Optimism is living in the present but being excited about the future. Being realistic and extracting the positives from sh*tty situations.
It is a solution, not a problem, it is remembering the awesome couple at the bar that tipped you £10, not that one drunk idiot who was showing off in front of his mates.
It is controlling the controllable.
I will also make my daily advice accessible to anyone that wants it. This is available on the FB or Insta page of LPTF.
The recordings are unrefined, I am learning by doing & excited to watch it & myself improve. TBH, they are poor quality but if I waited for perfection I would never get anything done.
This is a commitment to the next chapter. My journey continues. For the first time in a long time, I am enjoying the ride. It feels like we are starting to make a difference. I have started mentoring and consultancy work in how to write functional menus and operate in a way that doesn’t stress the f*ck out of everyone in your building.
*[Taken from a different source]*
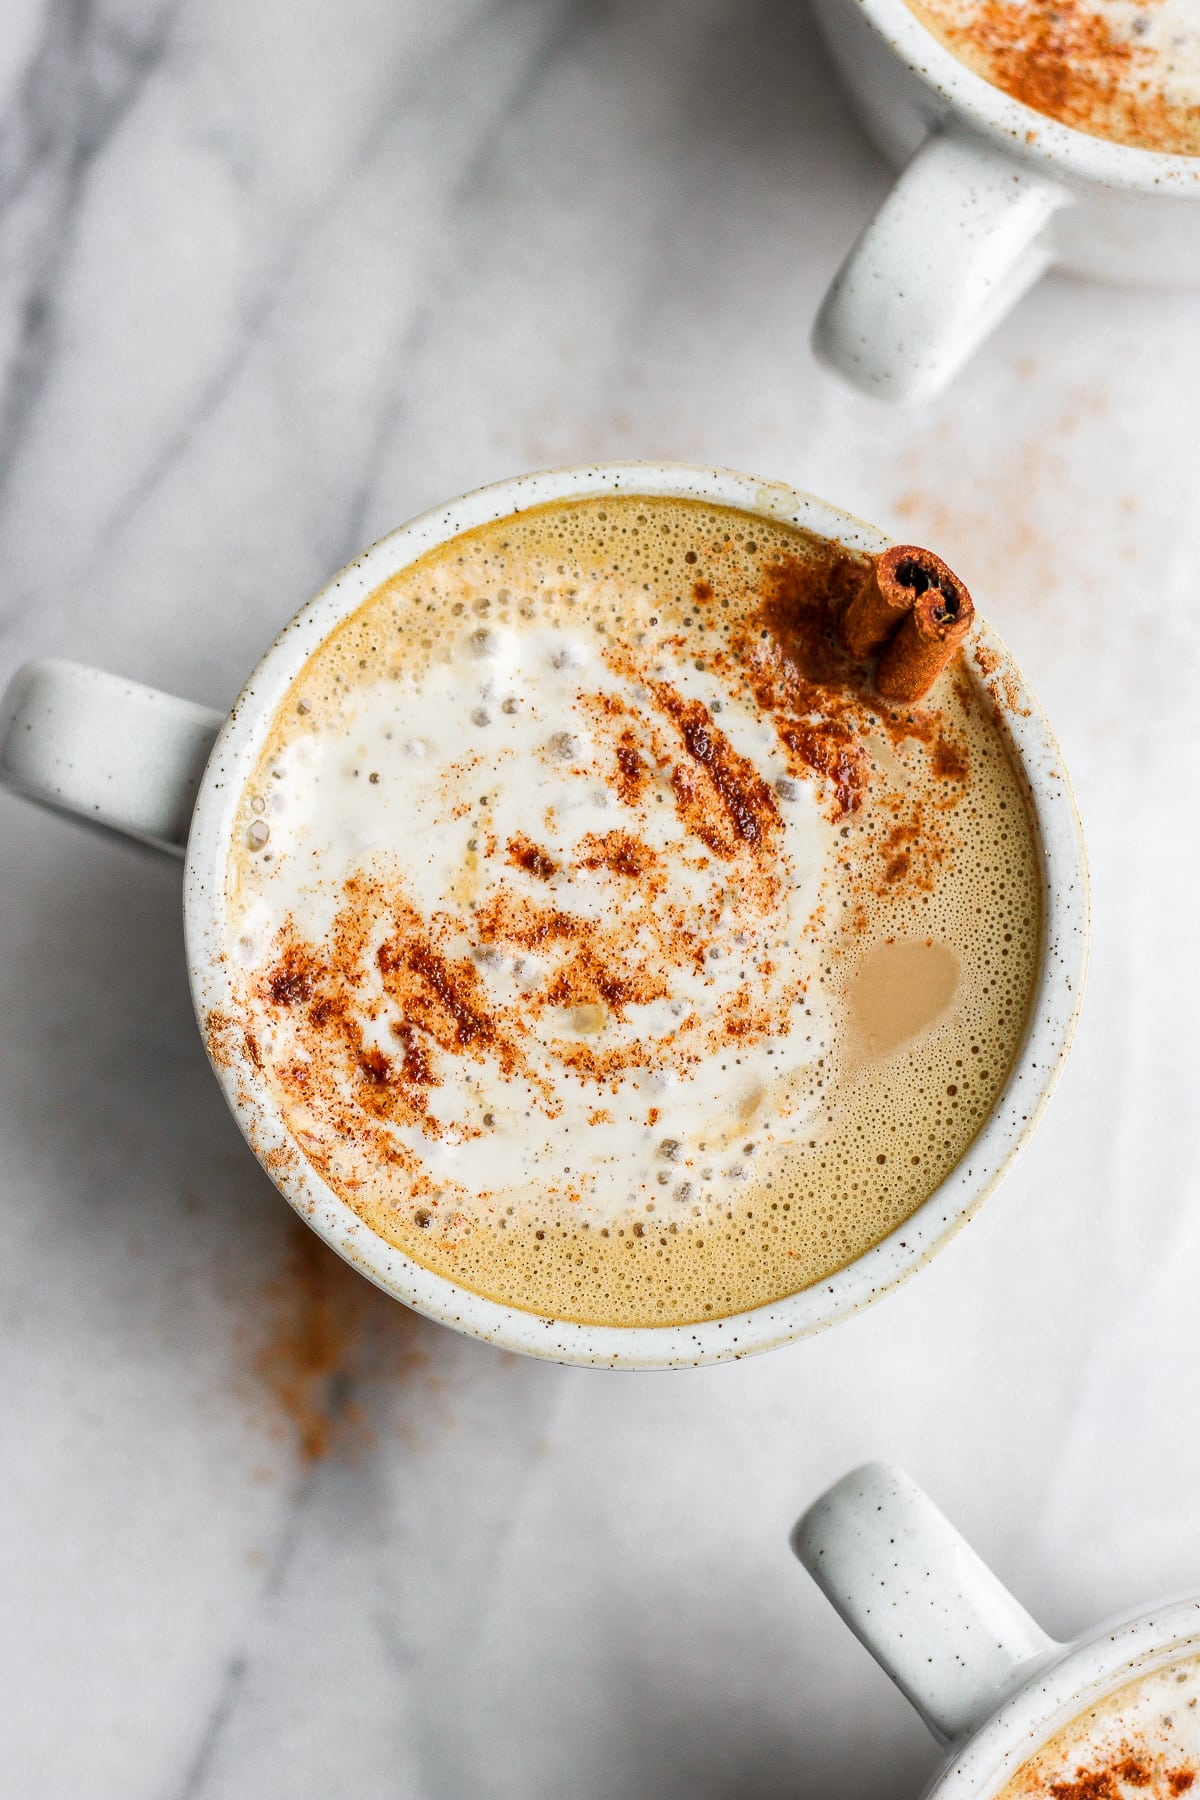 Dairy-Free Pumpkin Spice Latte - a healthier version of your classic pumpkin spice latte! #paleo #dairyfree #pumpkinspice #coffee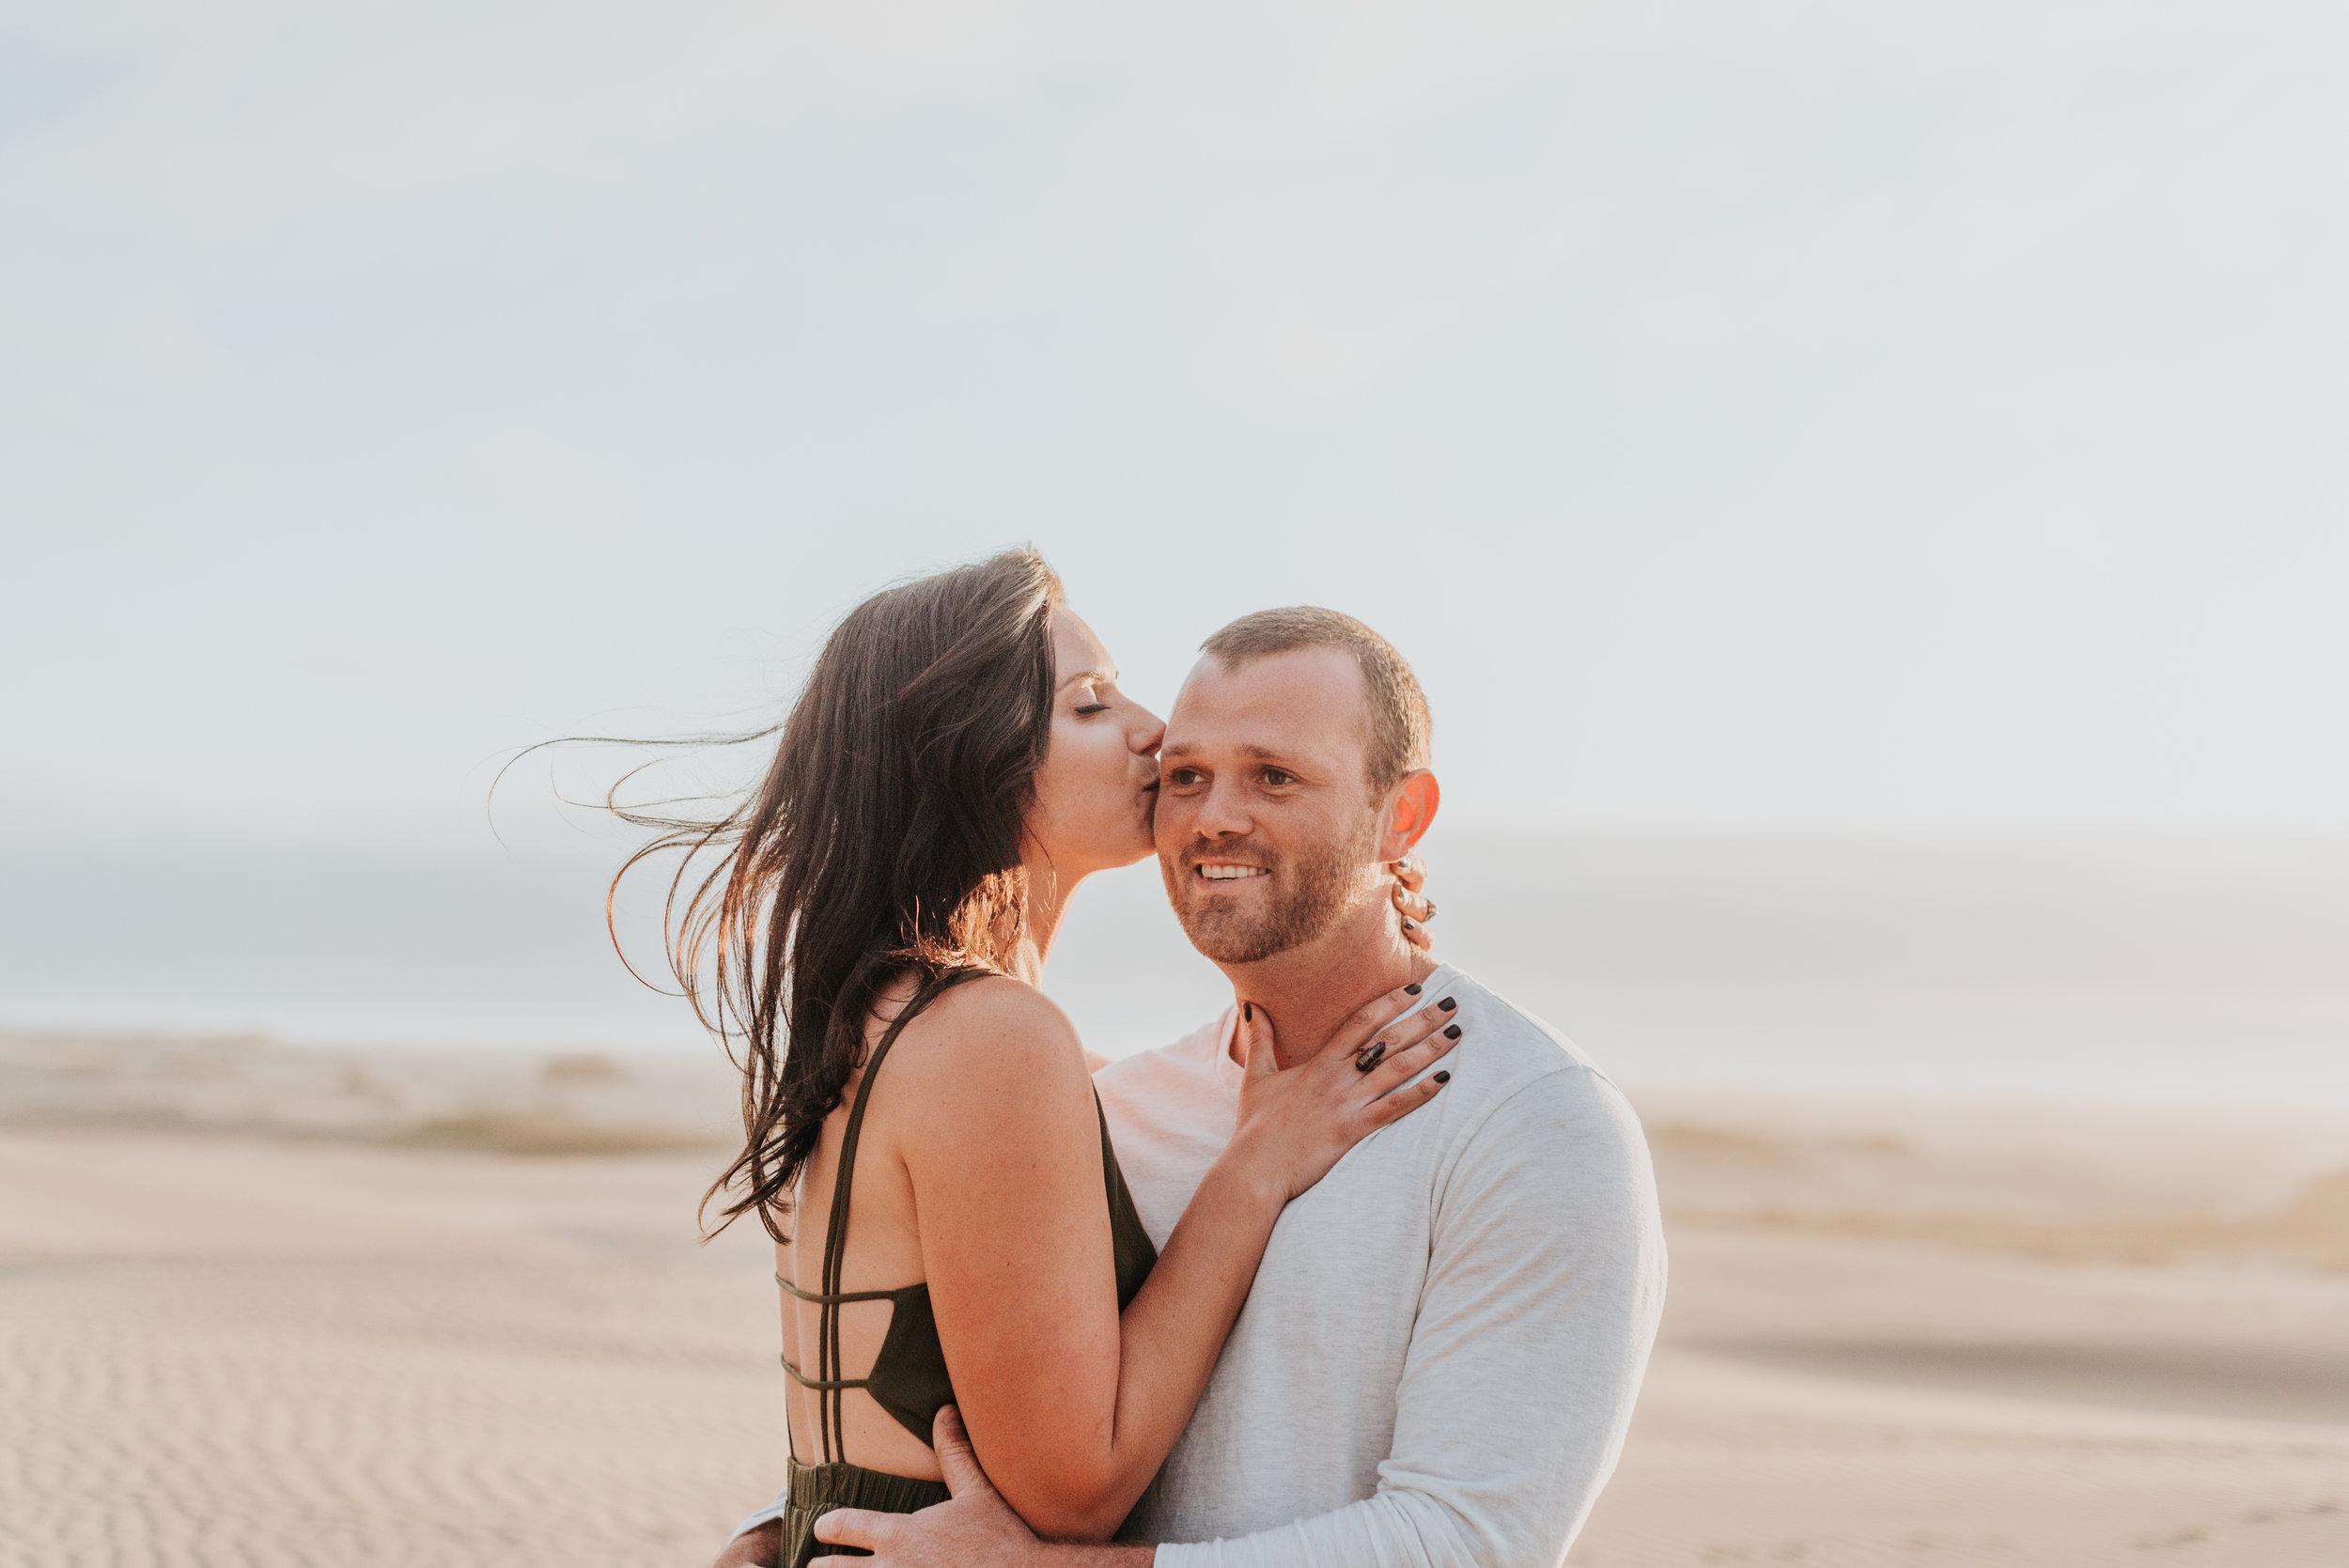 mendocino couples photographer

If people want to get in touch, please do. I have really missed talking to people & looking forward to sharing stories.
The outreach has been amazing but we have a lot more work to do. I have had people say they have stopped drinking because they have seen me do it which is honestly so so rewarding. If people want to be on the podcast to share their story, even better. I am going to invest in some equipment before I record anymore. Also, take a class on how to record a podcast and maybe get a sponsor.
I used to be the auditor for a big hospo company, have opened bars across the UK, broken world records in booze & still love a good spreadsheet. There must be something I can do to help.
For now, let’s get open, let’s stay safe & let’s push things forward.
The first pic is me 2 years ago at a bartending comp, smashed and unhappy despite putting on a brave face. The 2nd was taken in the afternoon of last June. 100 days sober.